Stored data:
* * *

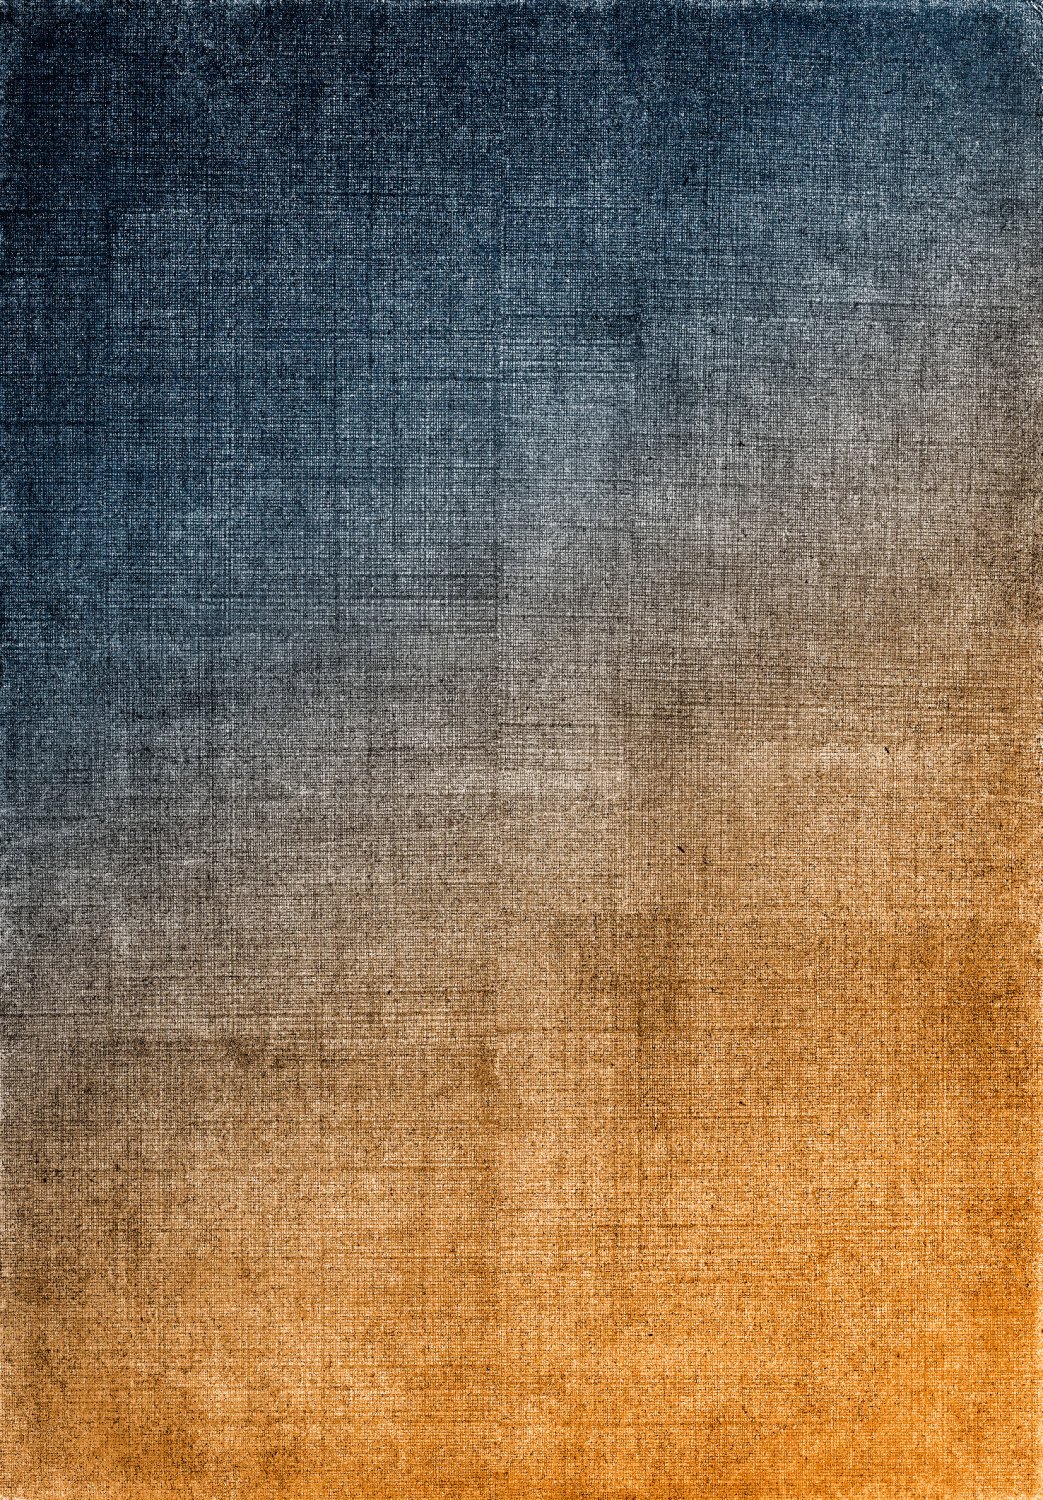 Wilton rug - Librilla (brown/blue)
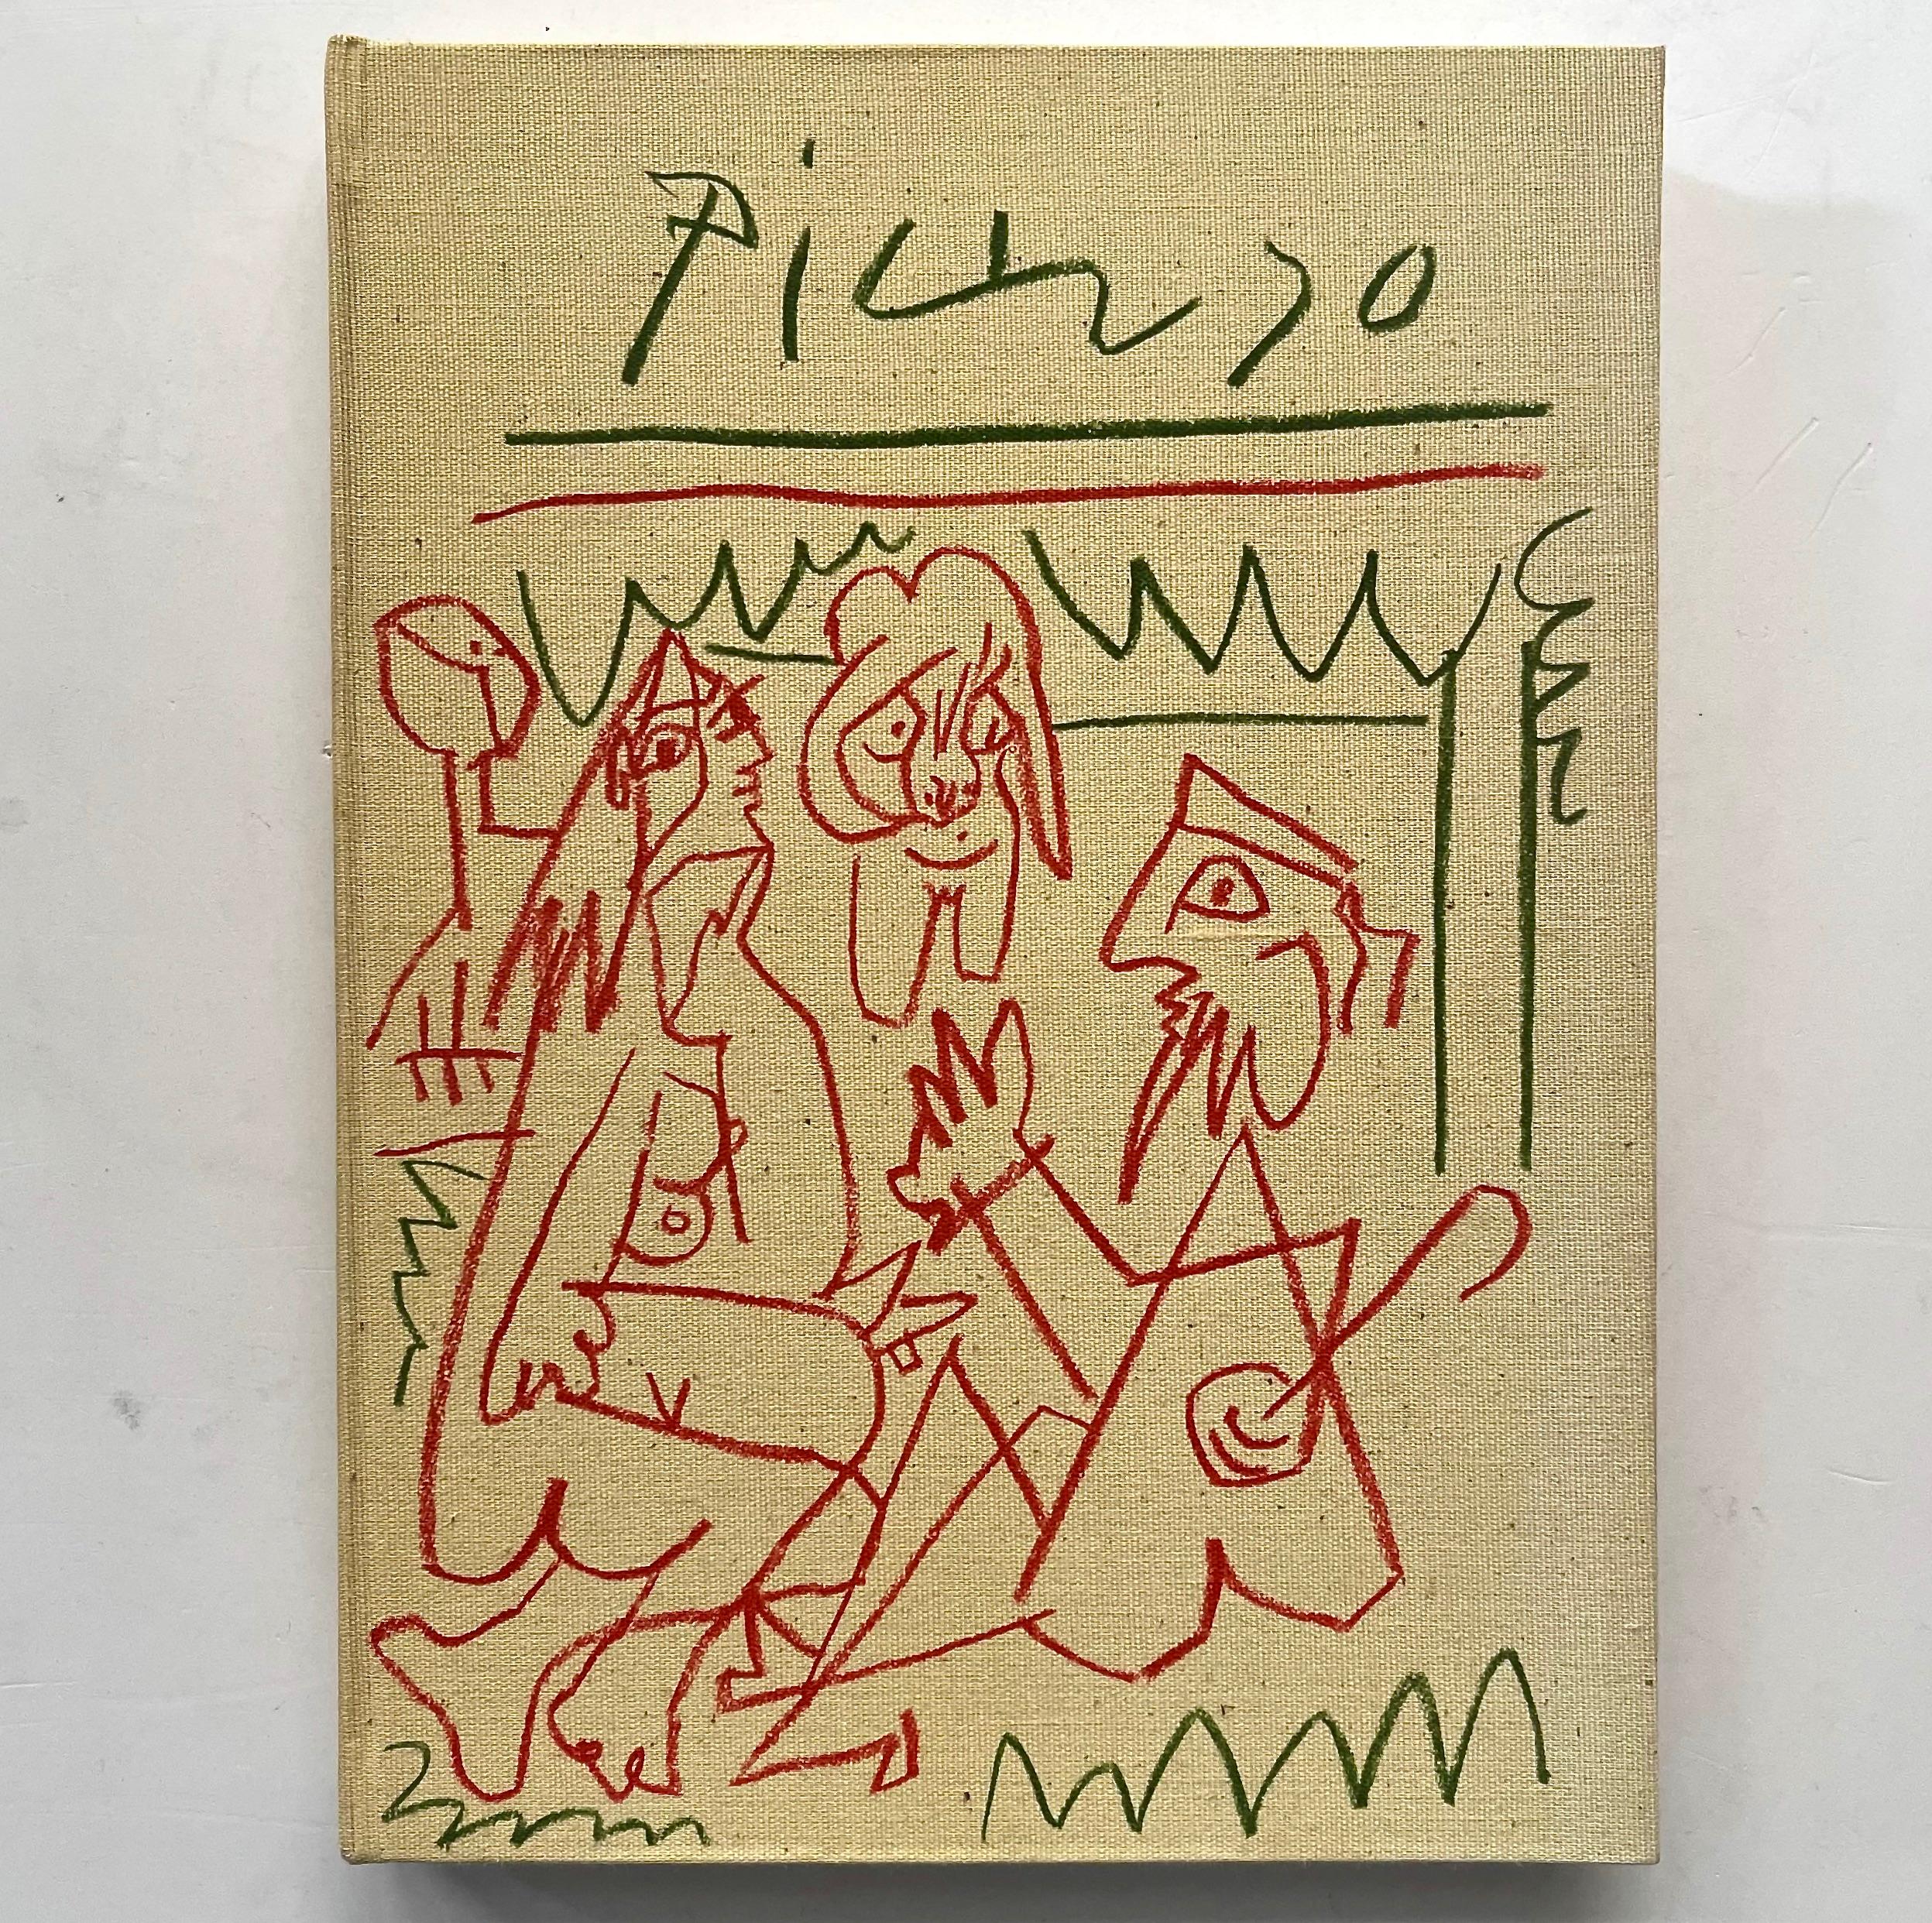 Les Déjeuners - Picasso, 1. französische Ausgabe, 1962u2028Veröffentlicht von Éditions Circle D'art Paris, 1962 u2028
Ein schönes Exemplar von Picassos bahnbrechendem Buch Les Déjeuners, komplett mit feinem Leinenschuber und bedruckten beigen

* * *

Task prompt:
Everything in the listing above must be retyped exactly, except for the pictures.

Response below:
 Wilton rug - Librilla (brown/blue)
 Les Déjeuners - Picasso, 1. französische Ausgabe, 1962u2028Veröffentlicht von Éditions Circle D'art Paris, 1962 u2028
Ein schönes Exemplar von Picassos bahnbrechendem Buch Les Déjeuners, komplett mit feinem Leinenschuber und bedruckten beigen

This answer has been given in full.